Can we predict who sent a tweet? 🤔

This is a classification problem - the target variable belongs to either of the two categories, in our example, the categories are `Donald Trump` and `Justin Trudeau`.

Let's dive in and explore!

## Loading the Dataset

We will load the file `train.csv` using pandas `read.csv()` into a `Dataframe` object.

Before doing any analysis, we should always understand our dataset.

In [None]:
import pandas as pd

data = pd.read_csv("train.csv")
data.head()

In [None]:
# Inspecting the Tweets in more details
data['status'].iloc[2]

## Target variable and Predictor(s)

We first identify that our target variable is `"author"`, and our predictor variable is `"status"`.

You can also apply stemming/lemmatization (covered earlier), or engineer new features that could be useful in model prediction (not covered).

In [None]:
# identify target and predictor
y = data['author']
X = data['status']

## Training, Validation and Test set

### Training set

- Data used to train our model
- Data and labels are provided to the model, the model tune its parameters to fit the model

### Validation set

- Data used to tune the hyperparameters of our model
- Optional

### Test Set

- Data used to test our model after it has been trained
- Predicted labels are compared against our true labels to compute the accuracy, to determine the model's performance.

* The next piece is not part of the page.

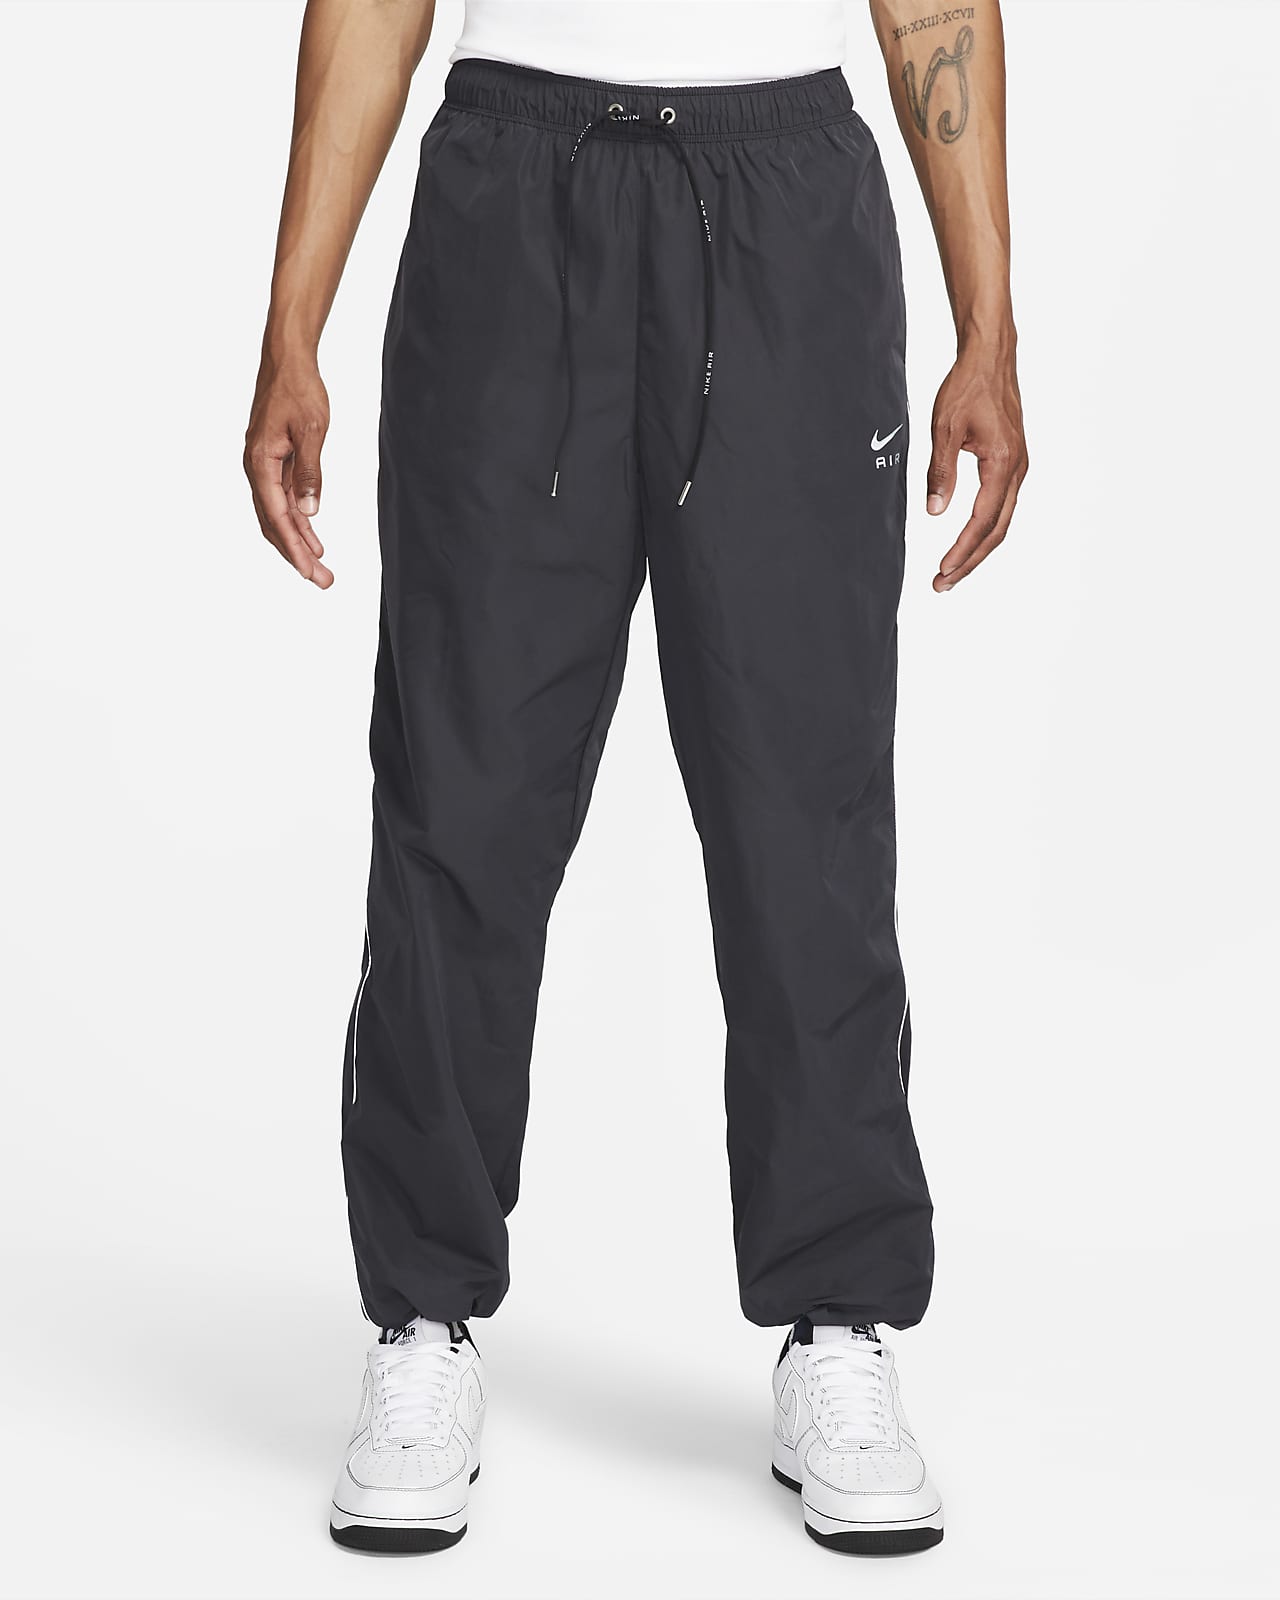 Nike Sportswear Air Men's Woven Trousers

### Why shouldn't the model be trained using the test set too?

- We want our model to generalize well on unseen data.
- Trained model gains information about the test set and the predictions made by the model will be biased towards the test set, resulting in overestimation of the model's performance.
- In practice, we CANNOT have data in the train set appearing in the test set. This is called "data leakage".

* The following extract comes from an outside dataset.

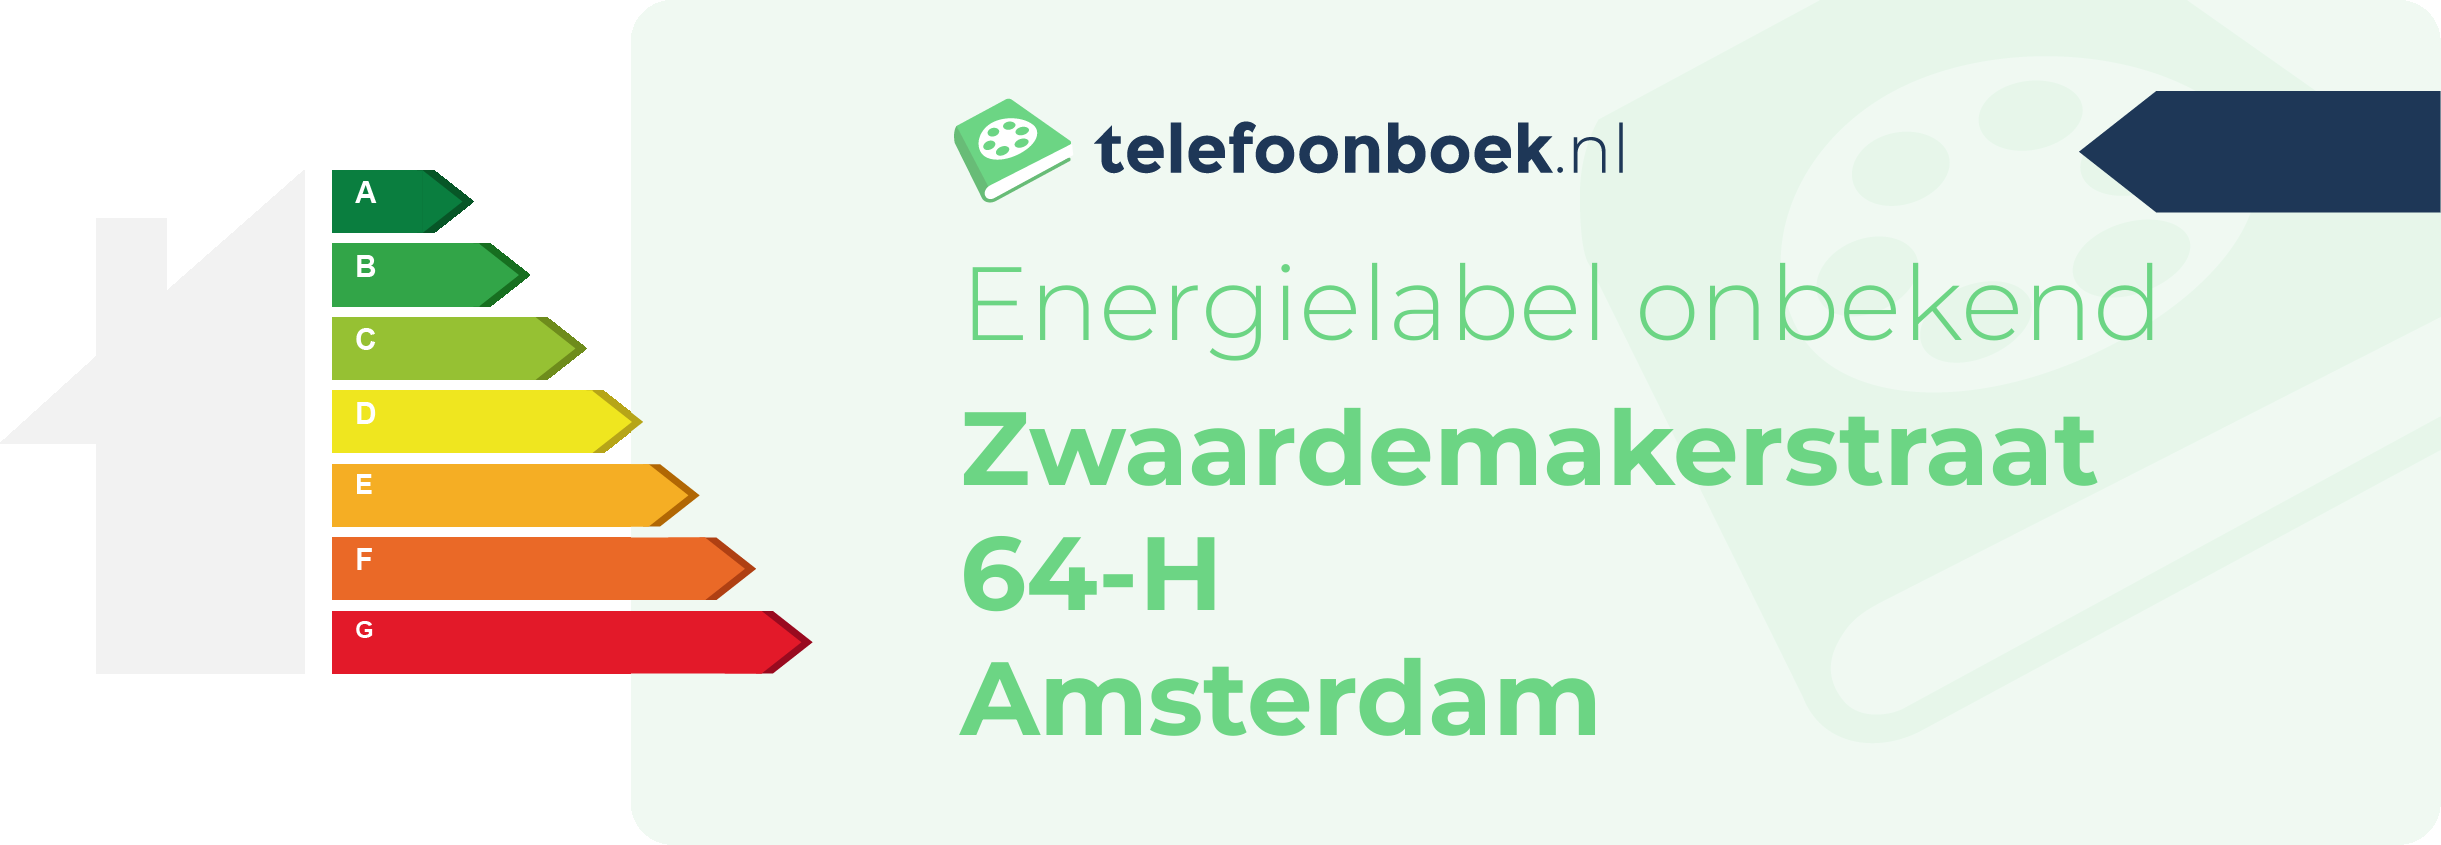 Energielabel Zwaardemakerstraat 64-H Amsterdam

### Using Exams as analogy

- Train Set: Learning materials for students (Lecture notes, tutorials, Ten-year Series, ...)
- Test Set: Exams

You will not know the exam questions before the exams, unless the questions are leaked in advance (data leakage) 

Here, we specify some parameters
- `random_state=42` : for reproducible results
- `test_size=0.25` : dataset will be split into 75% training and 25% test

In [None]:
from sklearn.model_selection import train_test_split

# split dataset
X_train, X_test, y_train, y_test = train_test_split(X,y,random_state=42,test_size=0.25)

Great! Now that we have split our data, are we able to train the model using training set yet? No!

## Text Vectorization

As covered earlier, machine learning models require numerical numbers as inputs. Text data unfortunately doesn't work here.😞

Let's use `CountVectorizer` to convert the tweets into numerical vectors!

We first create an instance of `CountVectorizer`.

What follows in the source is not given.